In the early days of a thing, abstractions are few, and you have to manage all the incidentals too.
- Want to own a computer in ~1970? You’ll probably need a whole bunch of floorspace, dedicated power feeds, a pipe system for cooling and more
- Want to write some software in ~1985? You’ll probably need to manually manage your own memory
- Want to run your own SaaS company in $year? You’ll probably need to own and manage a series of servers across multiple datacenters.
Time passes and it becomes easier and more accessible to get the end results. The secondary aspects get black-boxed and abstracted away, so you only need to care if you need to care.
- There came pocket-sized computers cheaper than textbooks
- There came languages with garbage collection, better optimising compilers etc.

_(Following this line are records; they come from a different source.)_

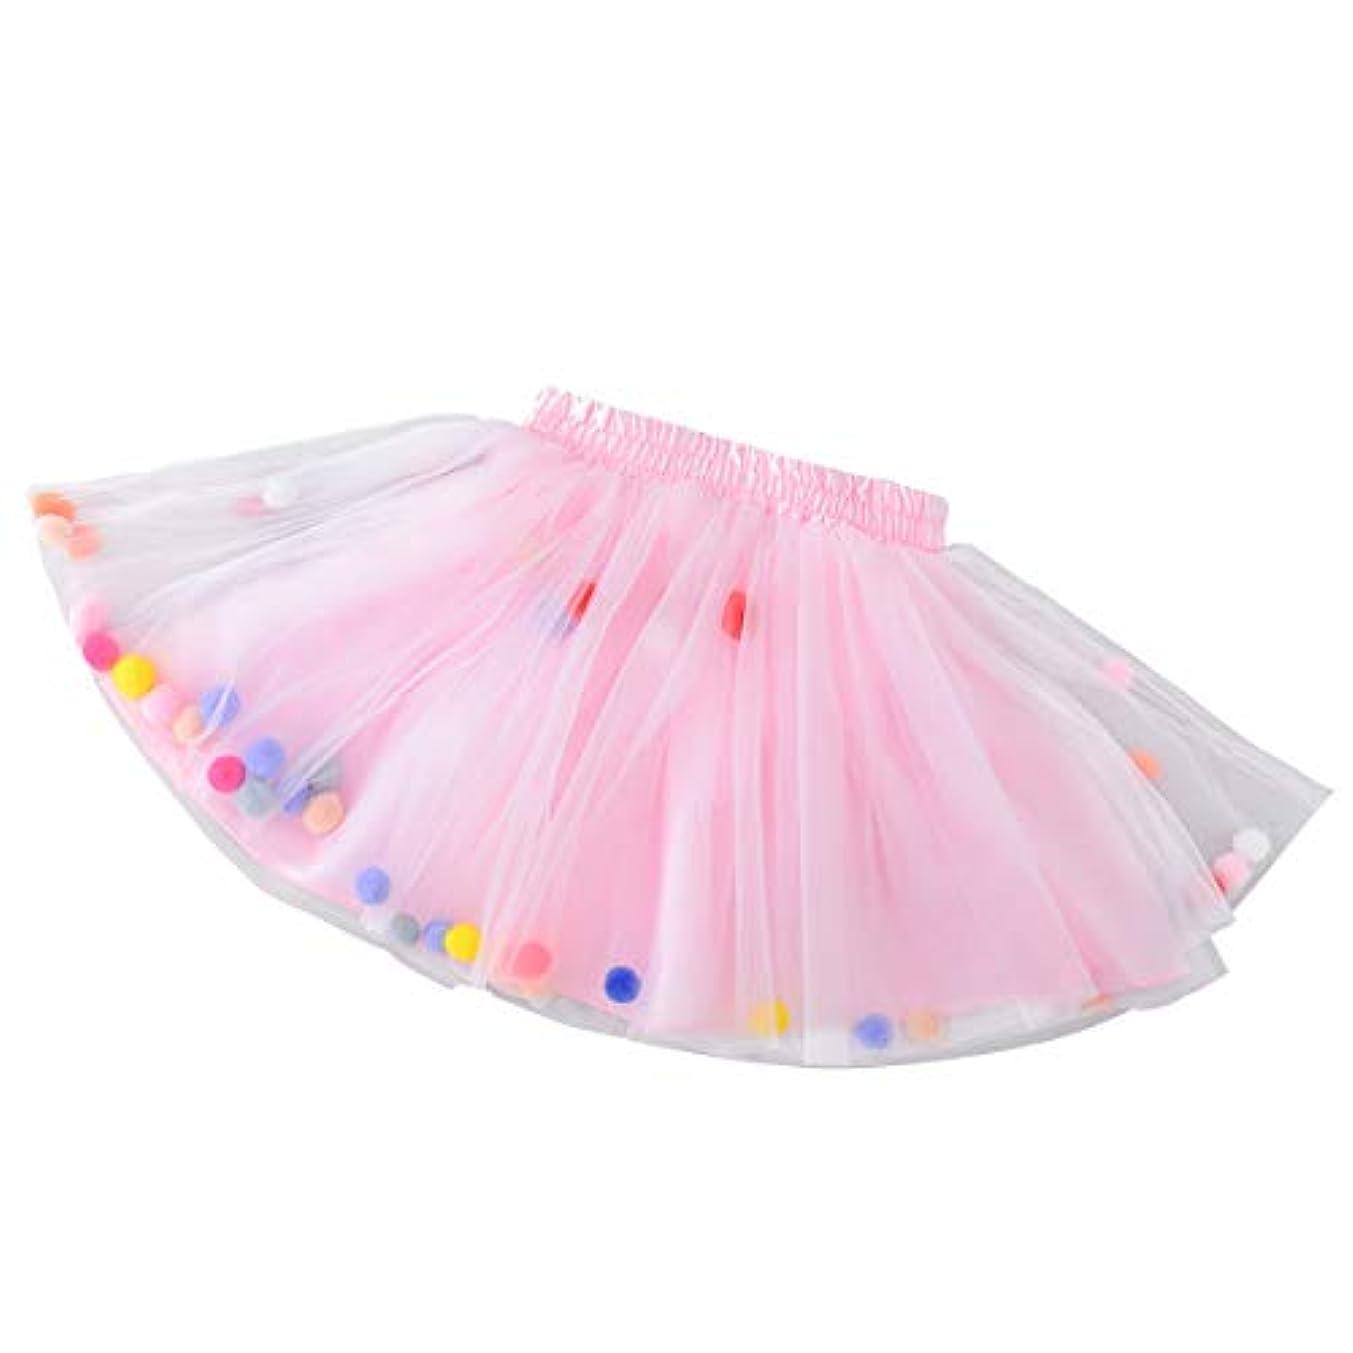 スポーツの試合を担当している人想起ティーンエイジャーYeahiBaby 子供チュチュスカートラブリーピンクミディスカートカラフルなファジーボールガーゼスカートプリンセスドレス衣装用女の子(サイズl)
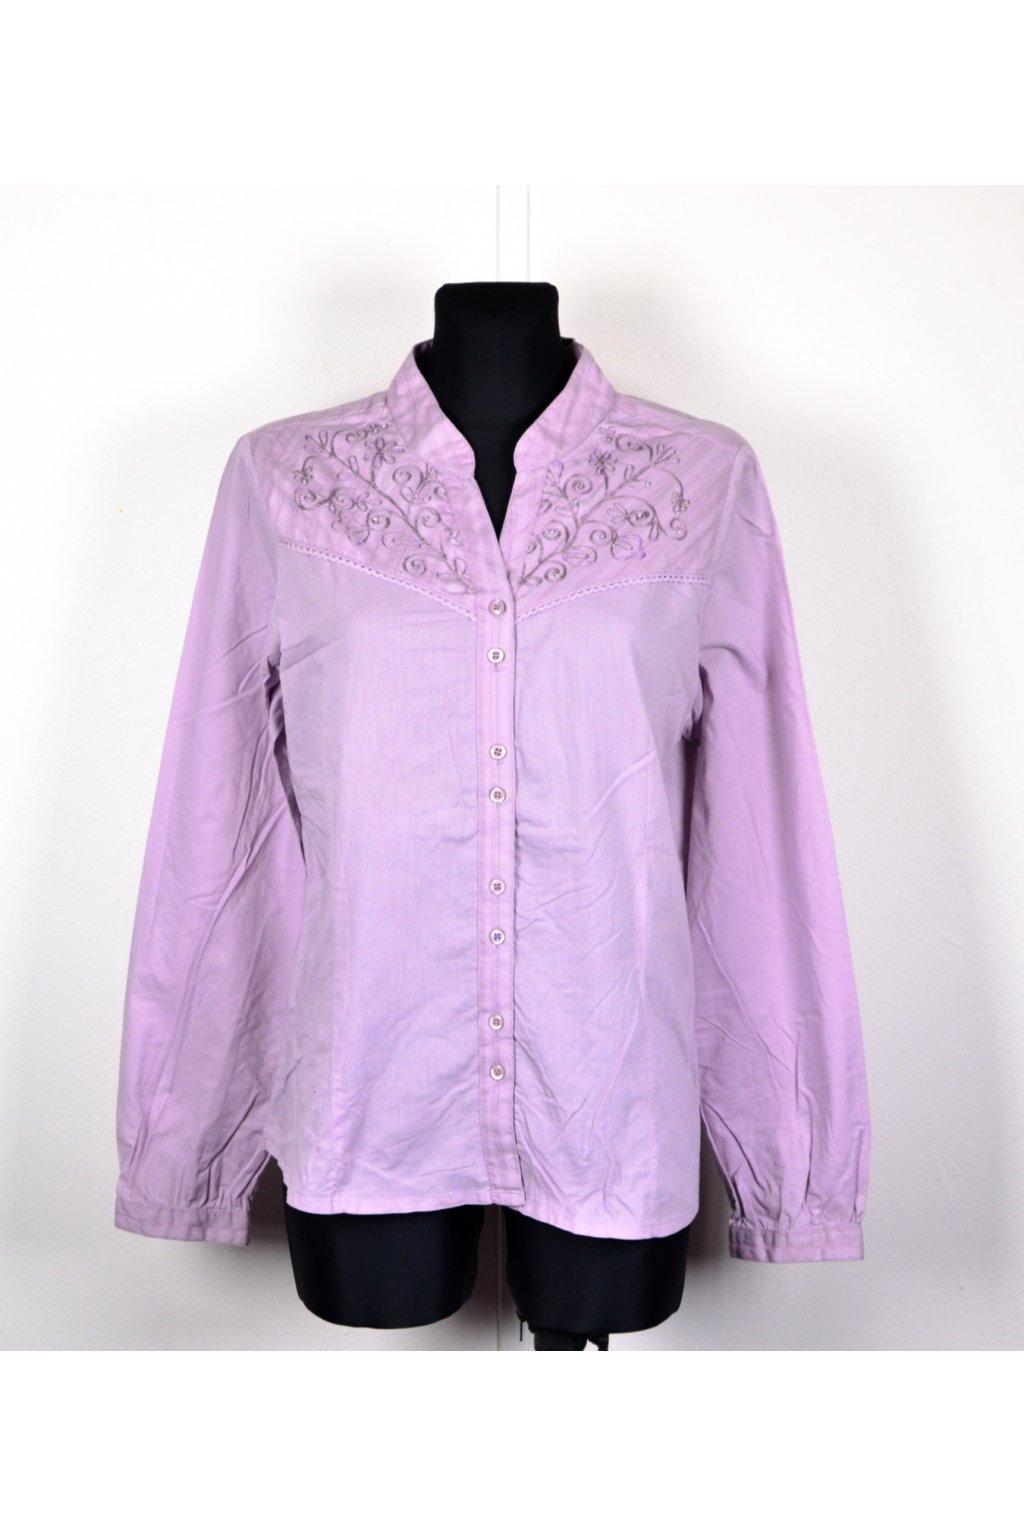 Halenka Košile fialová lila Woman&Soul vel. 44 / L
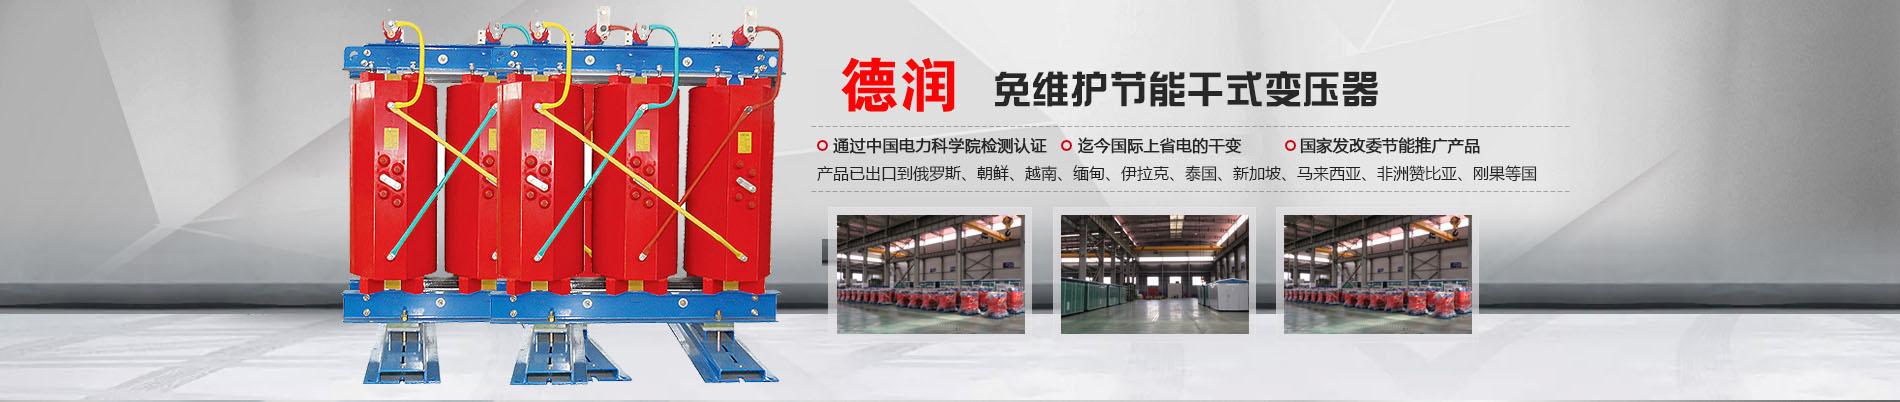 盘锦干式变压器厂家

- There came Infrastructure as a Service, Platforms as a Service, Functions as a Service
Some of those who predate the abstractions and improvements will decry the new ways – “They’re less powerful”, “They’re less flexible”, “The barriers to entry are lower so new users know less and cause problems”.

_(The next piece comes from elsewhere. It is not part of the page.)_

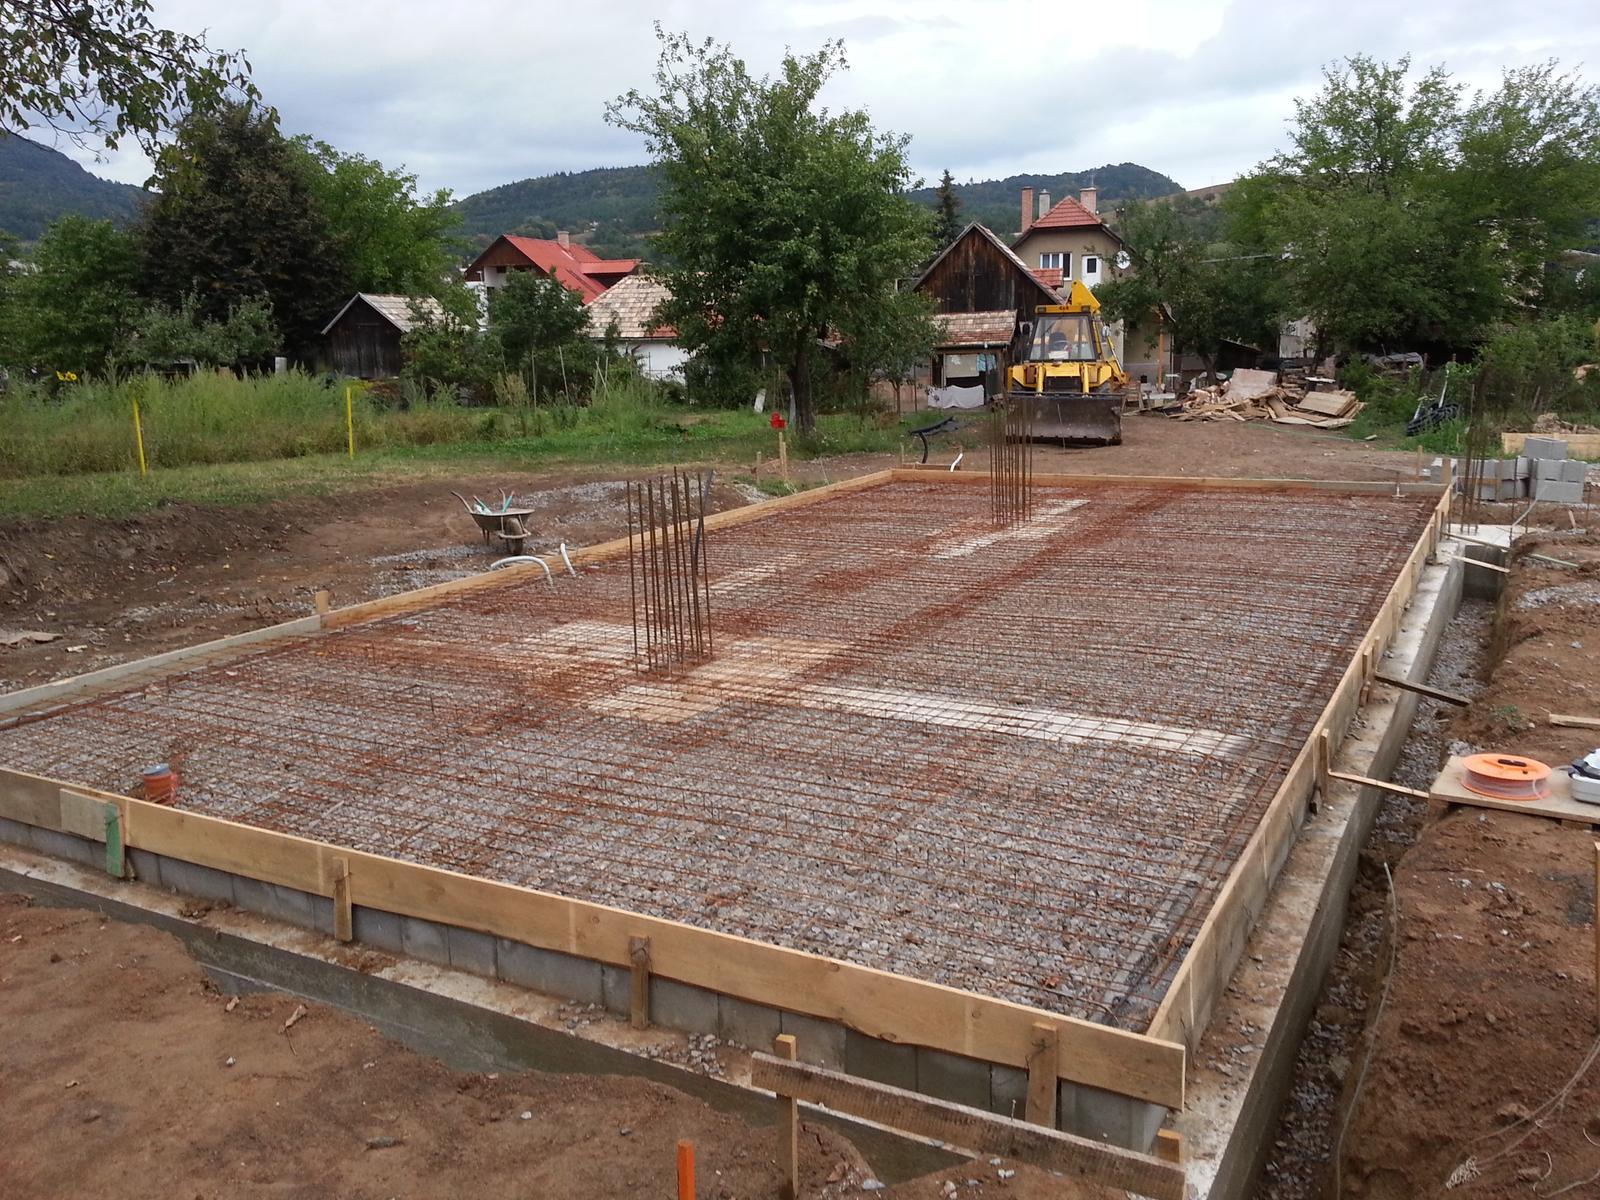 Pasívny dom svojpomocne - Debnenie zarovnané cez Nivcomp, výškový rozdiel po zaliatí vznikol na stranách max. 2 mm

Some of those who came in afterwards will be dismissive and underestimate the now-hidden complexity – “Nobody needs to care about X any more”, “Y is a silver bullet for every problem”, etc.

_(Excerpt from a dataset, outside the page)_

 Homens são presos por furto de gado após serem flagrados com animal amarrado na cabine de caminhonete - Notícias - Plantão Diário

Those unfamiliar with the underlying fundamentals will struggle at the edges of the abstraction. They’ll be at a loss when things break and the internals are exposed. They’ll make worse choices among things that seem equivalent but aren’t really underneath.
Those unfamiliar with the new abstractions will reinvent the wheel in a non-compliant fashion. They’ll achieve the same results but slower and in a more idiosyncratic style that gets harder to work on. They’ll miss out on advances going on around them.
This isn’t just about software and computing – look at cooking with home sous-vide kits and electric pressure cookers where you don’t need to keep eyeballing the progress, or the massive technological advances in sports equipment.
What’s best? As with everything, a balance and a mixture.
Use the new shiny abstractions, but make sure you know what’s going on underneath. Know when the fancy tool is right for the job, and when you need to just get in there with a hammer. Understand that at scale or under constraints that the low-level details matter more, and recognise when they come into play and when you’re just pre-optimising.